Brasileiros vão ao Vale do Silício

Jovens empresários usam experiência adquirida na capital mundial da tecnologia para estruturar negócios inovadores

Rodrigo Carro redacao@brasileconomico.com.br
Andrea Litto e Henrique Setton da Silicon House. Foto:Divulgação

Cerejas, pêssegos e peras no lugar de produtos e serviços de alta tecnologia. Sessenta anos atrás, quem cruzasse a península central situada entre a Baía de São Francisco e as Montanhas de Santa Cruz, no estado americano da Califórnia, encontraria um cenário repleto de pomares em meio a um conjunto de bairros de classe média. Hoje, a concentração de empresas de ponta atrai um número crescente de empreendedores brasileiros para a região, conhecida como Vale do Silício.
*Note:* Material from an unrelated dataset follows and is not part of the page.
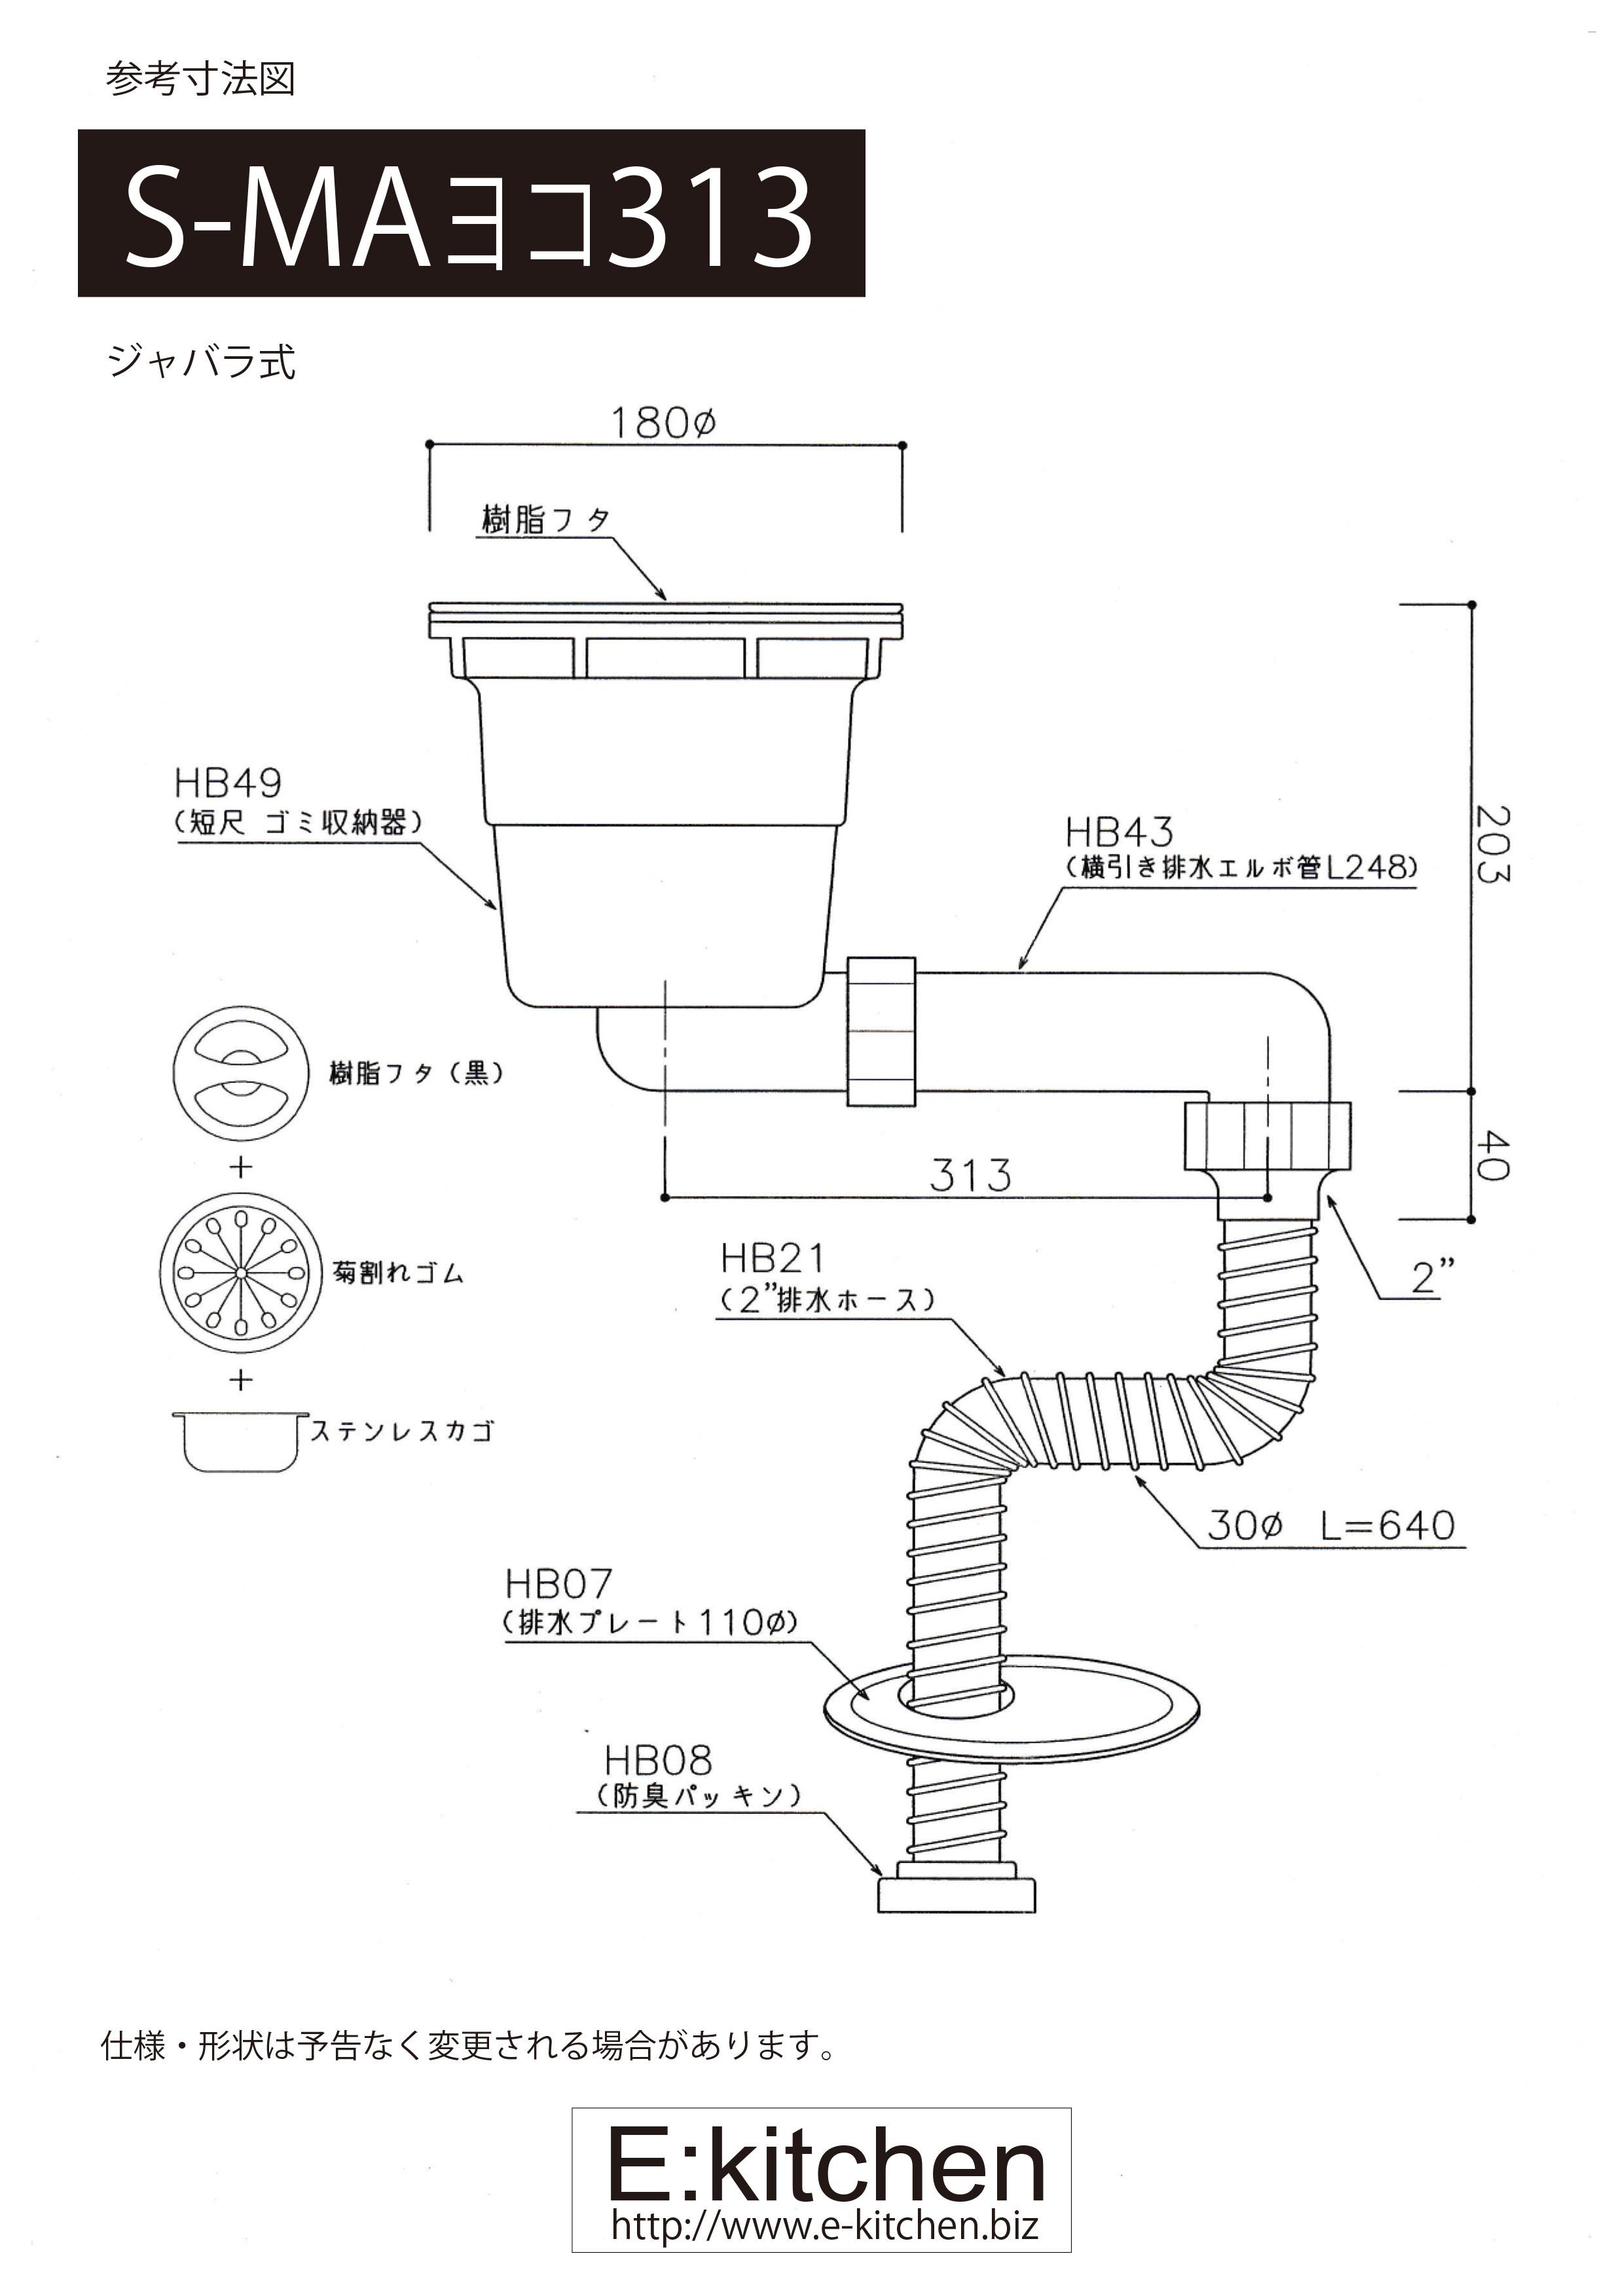 CKシリーズ 短尺排水部品S-MAヨコ313

A mudança na presença brasileira não foi apenas quantitativa. "A transformação foi drástica. Há muito mais brasileiros hoje, mas o interessante é a mudança enorme no perfil dos empreendedores", avalia Andrea Litto, 38 anos, há 19 nos Estados Unidos. "Antes, as pessoas vinham trabalhar e não se interessavam por conhecer ninguém, fazer contatos. Queriam fazer dinheiro e voltar ao Brasil."

A procura não apenas por hospedagem mas principalmente por facilitadores capazes de viabilizar as conexões com investidores, profissionais de tecnologia da informação e empresas levou Andrea a criar em 2012 a Silicon House, com o sócio também brasileiro Henrique Setton. Situada em Mountain View, uma das 40 cidades que fazem parte do vale, a casa já recebeu startups e empresas de mais de 14 países, entre eles o Brasil. "O relacionamento é o mais importante no Vale do Silício", afirma a alemã Angelika Blendstrup, uma das mentoras da aceleradora 500 Startups.

Há dez anos no Vale do Silício, Angelika se especializou no pitch training, treinamento que força o empreendedor a resumir seu plano de negócios (ou a atividade de uma startup) de maneira breve, compreensível e interessante. "Se você for capaz de contar uma boa história, os investidores vão se lembrar de você", ensina Angelika, autora do livro "They made it!" ("Eles conseguiram"), sobre empreendedores estrangeiros bem-sucedidos na área de tecnologia. No Vale Silício, uma boa história deve ser contada em, no máximo, três minutos. Pode parecer pouco tempo, mas quem trabalha com startups normalmente conhece o elevator pitch: nesse tipo de competição, o empreendedor deve resumir para potenciais investidores o objetivo de seu projeto em 30 segundos. O tempo é o equivalente à duração de uma viagem de elevador.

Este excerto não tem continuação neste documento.